According to the 2021 American Heart Association/American Stroke Association (AHA/ASA) guidelines for patients with stroke and transient ischemic attack, atorvastatin 80 mg daily is recommended for individuals with ischemic stroke who have no known coronary heart disease, no major cardiac sources of embolism, and low-density lipoprotein cholesterol (LDL-C) greater than 100 mg/dL. High-intensity statins are defined as therapies capable of reducing LDL-C by 50% or more, whereas moderate-intensity statins reduce LDL-C by approximately 30% to 49%. However, the guidelines do not specify a lipid threshold for selecting statin intensity in all stroke populations, and recommendations for high-intensity statin therapy are generally extrapolated from broader lipid management guidelines for atherosclerotic cardiovascular disease, which prioritize achieving at least a 50% reduction in LDL-C rather than targeting a specific LDL value.
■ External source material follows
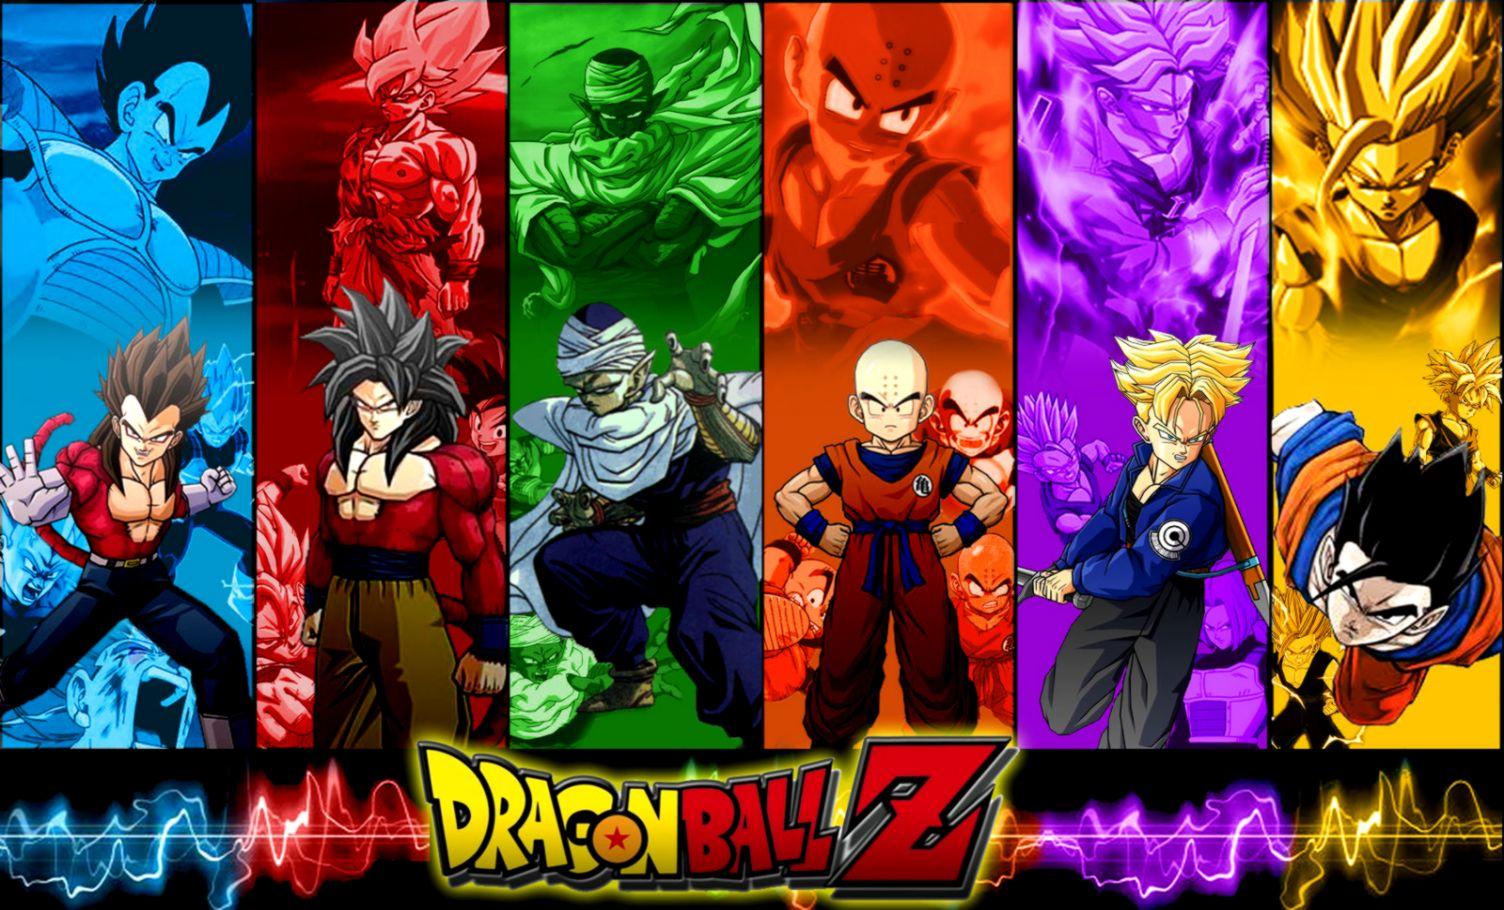 Dragon Ball Z Wallpaper Desktop Pc Sizehd

Additionally, current clinical practice guidelines do not clearly address the role of statins in patients with stroke without another indication for statin therapy or the potential benefit in patients with baseline LDL-C levels below 70 mg/dL. [1], [2], [3], [4]
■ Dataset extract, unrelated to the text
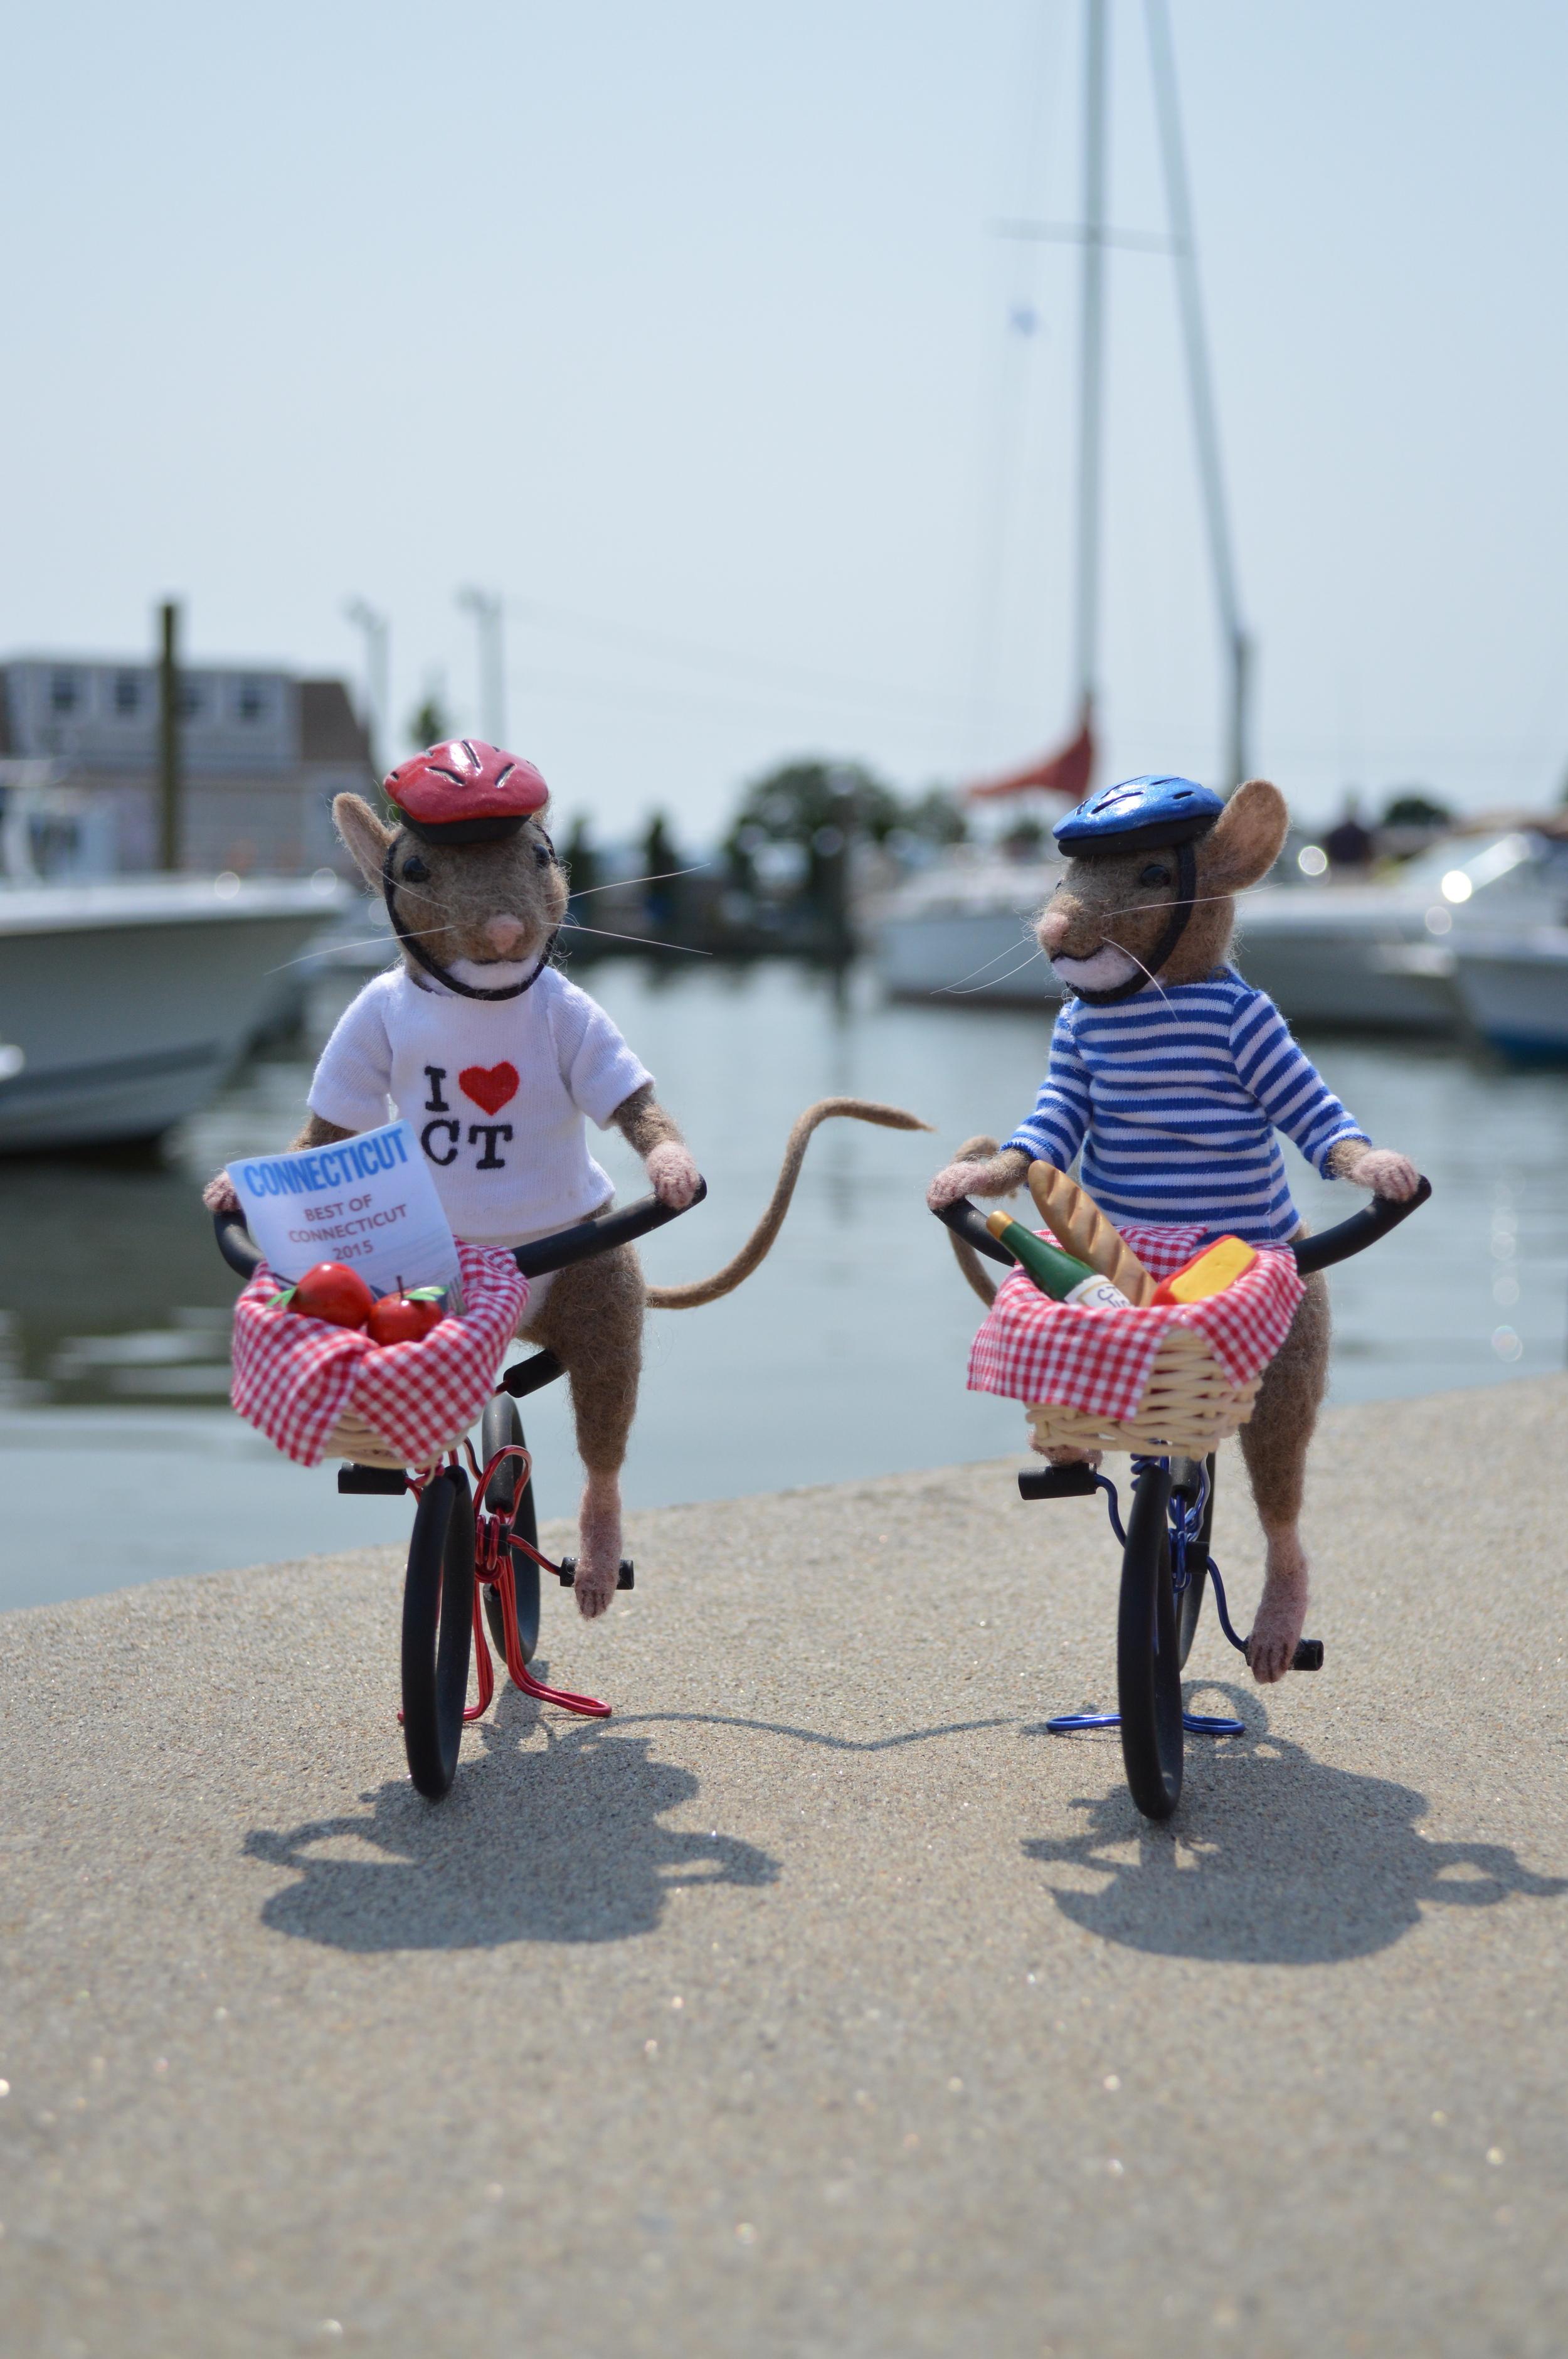 A Bike Ride in Connecticut

The AHA/ASA guideline highlights two randomized controlled trials, Stroke Prevention by Aggressive Reduction in Cholesterol Levels (SPARCL) and Treat Stroke to Target (TST), that evaluated lipid-lowering therapy after ischemic stroke. In SPARCL, atorvastatin 80 mg daily reduced recurrent ischemic stroke in patients without another established indication for statin therapy; however, post hoc analyses suggested differing effects by stroke subtype, with a reduced risk of ischemic stroke (hazard ratio [HR] 0.78, 95% CI 0.66–0.94) but an increased risk of hemorrhagic stroke (HR 1.66, 95% confidence interval [CI] 1.08–2.55) compared with placebo. The TST trial further demonstrated that targeting an LDL-C <70 mg/dL was superior to a target of 90–110 mg/dL for preventing major cardiovascular events after stroke. The panel notes that these trials did not include patients with cardioembolic stroke in the absence of atherosclerotic disease. Evidence from these stroke-specific trials is further supported by randomized trials in patients with atherosclerotic cardiovascular disease showing benefit from intensive lipid lowering, supporting high-intensity statin therapy in high-risk patients and consideration of additional agents such as ezetimibe or PCSK-9 inhibitors if LDL-C remains ≥70 mg/dL despite maximally tolerated statin therapy. [1,5,6]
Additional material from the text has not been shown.